Отталкиваются обычно от антонимов. Одеть - раздеть; надеть -- снять.


----------



## morzh

http://www.gramota.ru/spravka/trudnosti/36_119

This is probably the best one so far I saw.


----------



## morzh

balpeau said:


> Одеться в пальто, а раздеться из пальто?
> 
> Отталкиваются обычно от антонимов. Одеть - раздеть; надеть -- снять.



Я не уверен, что понял правильно, но:

Вьi в качестве доказательства привели пару с глаголом "одеться", которъiй существует в транзитивном и интранзитивном видах (кажется, переходной - непереходной?
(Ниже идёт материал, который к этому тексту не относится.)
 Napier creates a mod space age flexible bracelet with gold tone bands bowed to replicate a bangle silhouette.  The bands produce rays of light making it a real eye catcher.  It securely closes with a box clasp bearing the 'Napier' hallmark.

Забьiл). Так вот, у Вас "одеться в пальто" - транзитивньiй, а "раздеться" - интранзитивньiй, потому "раздеться из пальто" и звучит дико.
А пару надо делать из одинаковой транзитивности.

Одеться во что-то - нормальное сочетание.
Но антонимом к "одеться во что-то" будет "снять с себя что-то".
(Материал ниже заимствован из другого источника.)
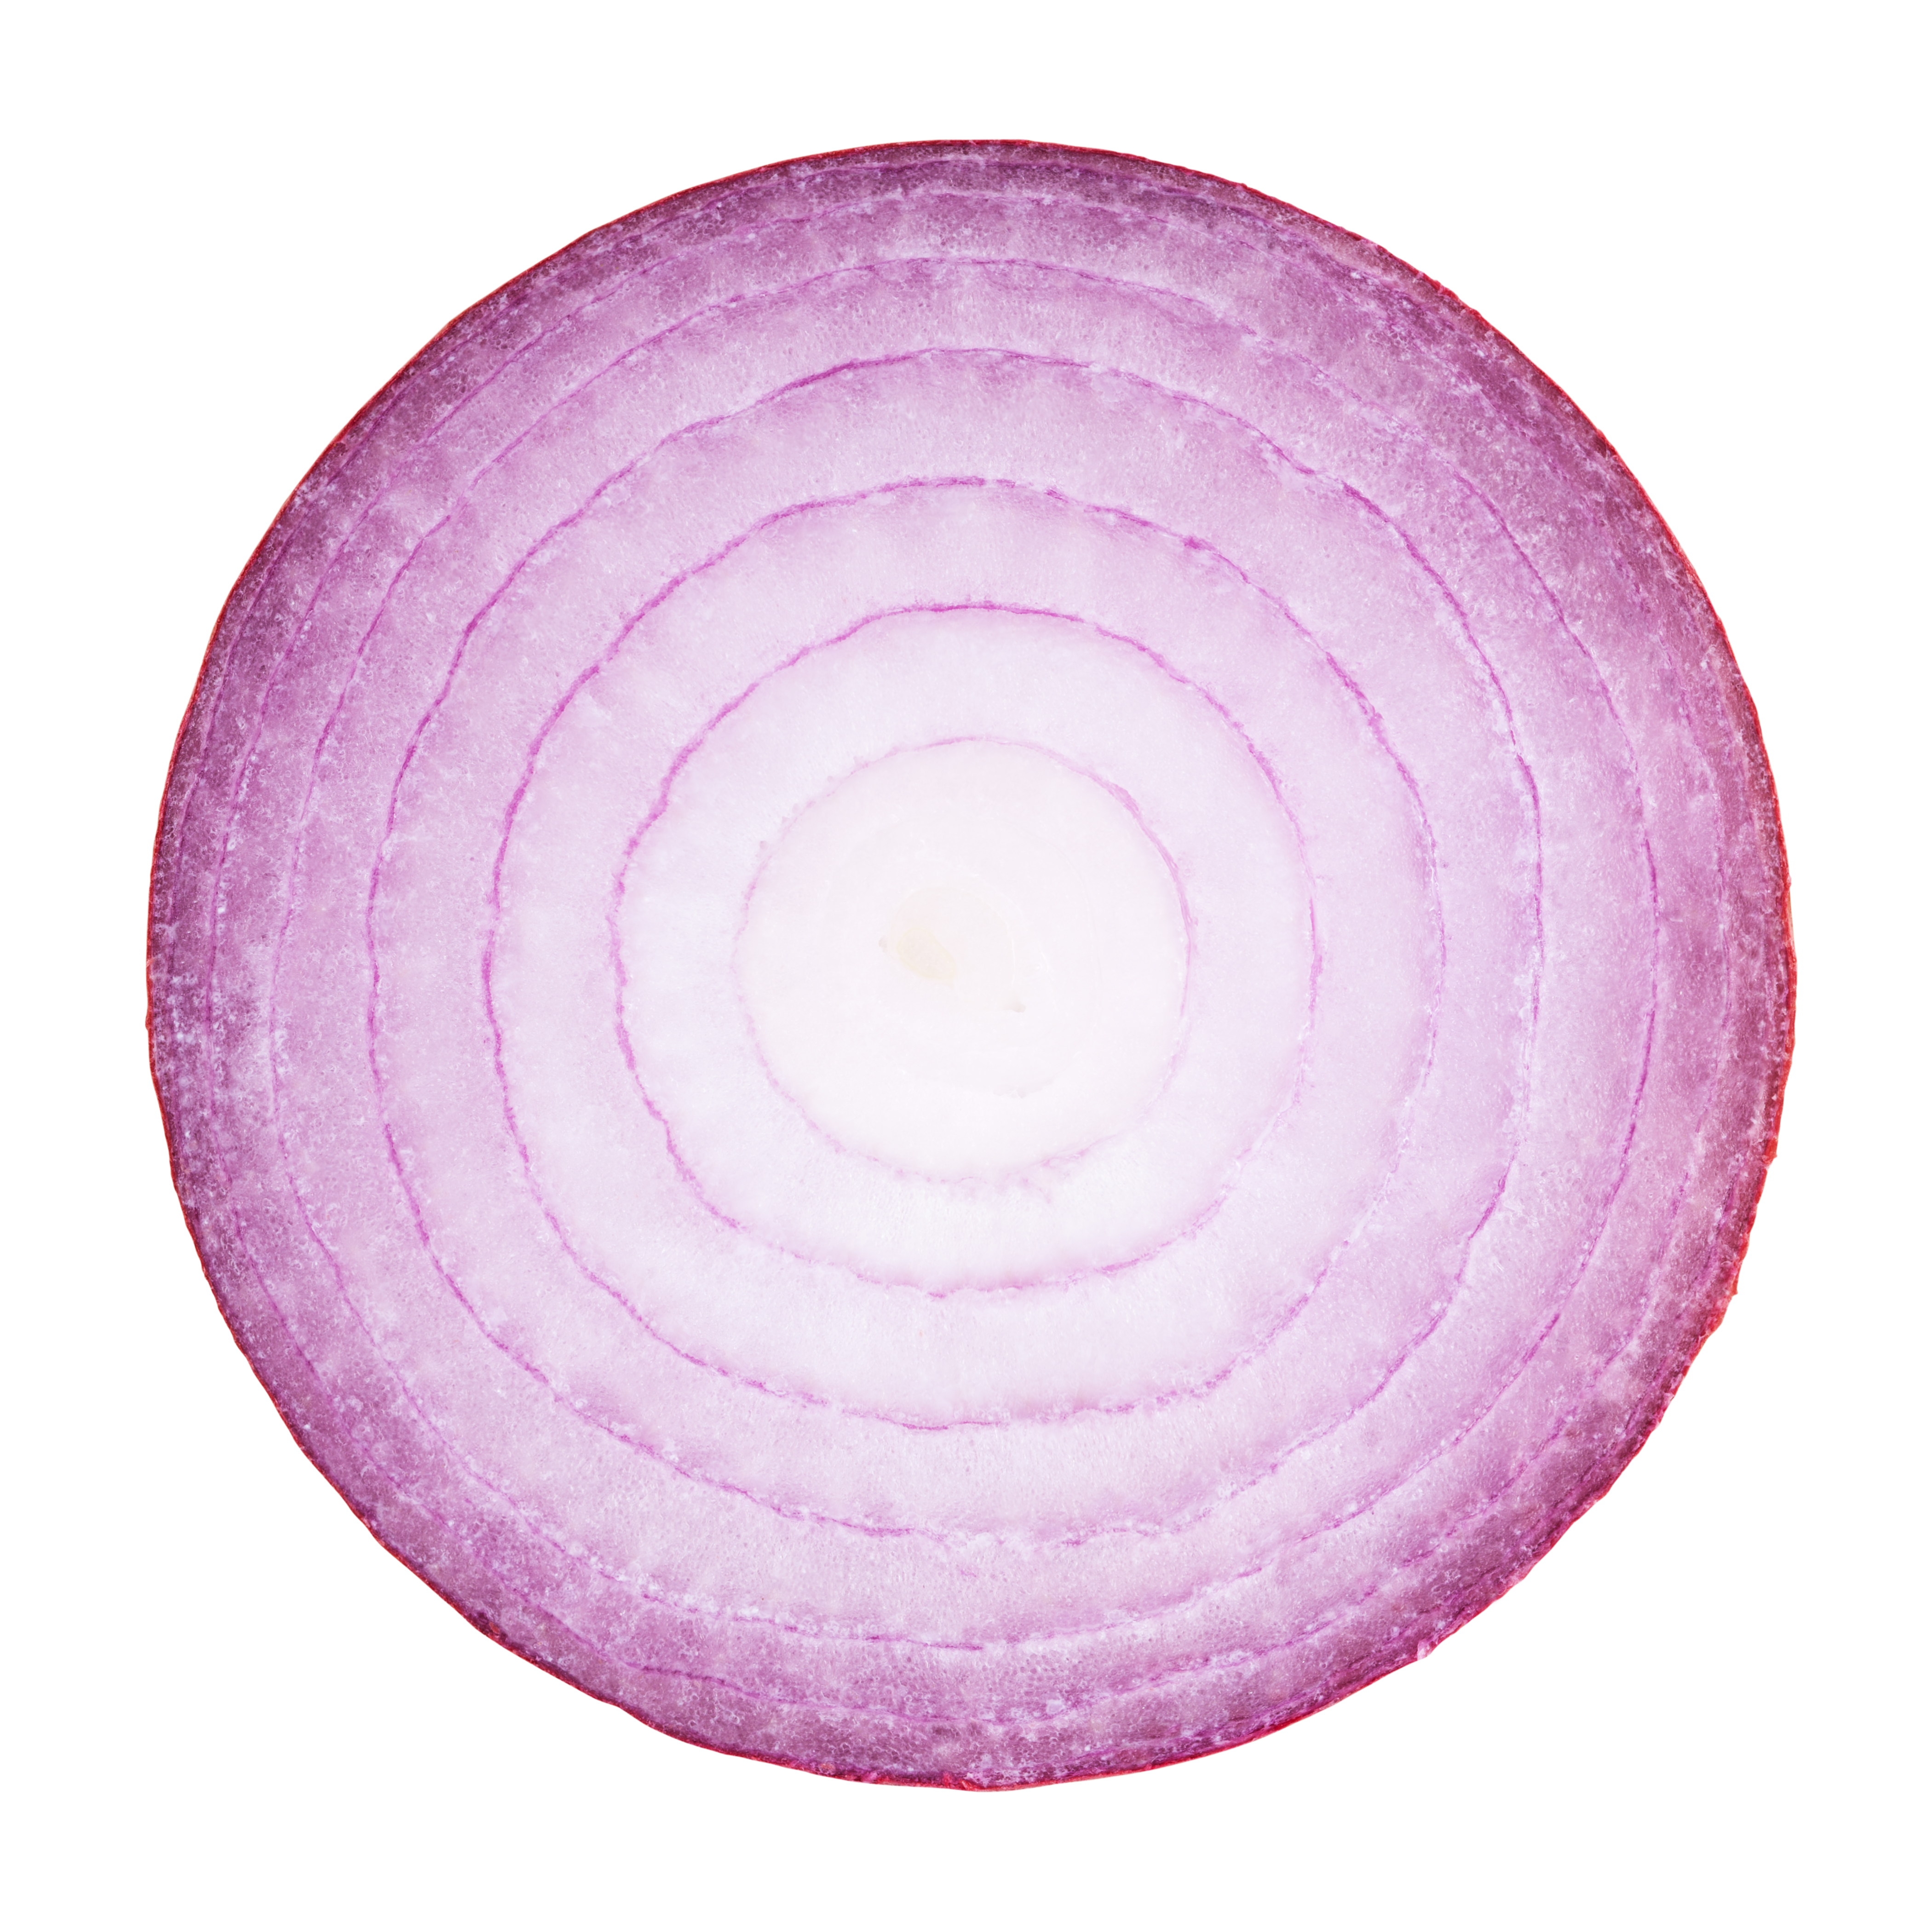 A sliced red onion

PS. Коли понял неправильно - прошу прощения.


----------



## Rosett

balpeau said:


> Одеться в пальто, а раздеться из пальто?
> 
> Отталкиваются обычно от антонимов. Одеть - раздеть; надеть -- снять.


Одеваться -это одевать себя -во что-то или вообще.

Надеть можно только конкретную вещь, не только одежду.


----------



## Alex_cs_gsp

balpeau said:


> Одеться в пальто, а раздеться из пальто?
> 
> Отталкиваются обычно от антонимов. Одеть - раздеть; надеть -- снять.



Чтобы раздеть подругу нужно одеть её в шубу  А если раздеться то из пальт*а*, хотя можно раздеть пальто, если оно само одето.


----------



## morzh

Rosett said:


> Надеть можно только конкретную вещь, не только одежду.



Значения этой фгразы я не понял - логика хромает.


----------



## Alex_cs_gsp

morzh said:


> Значения этой фгразы я не понял - логика хромает.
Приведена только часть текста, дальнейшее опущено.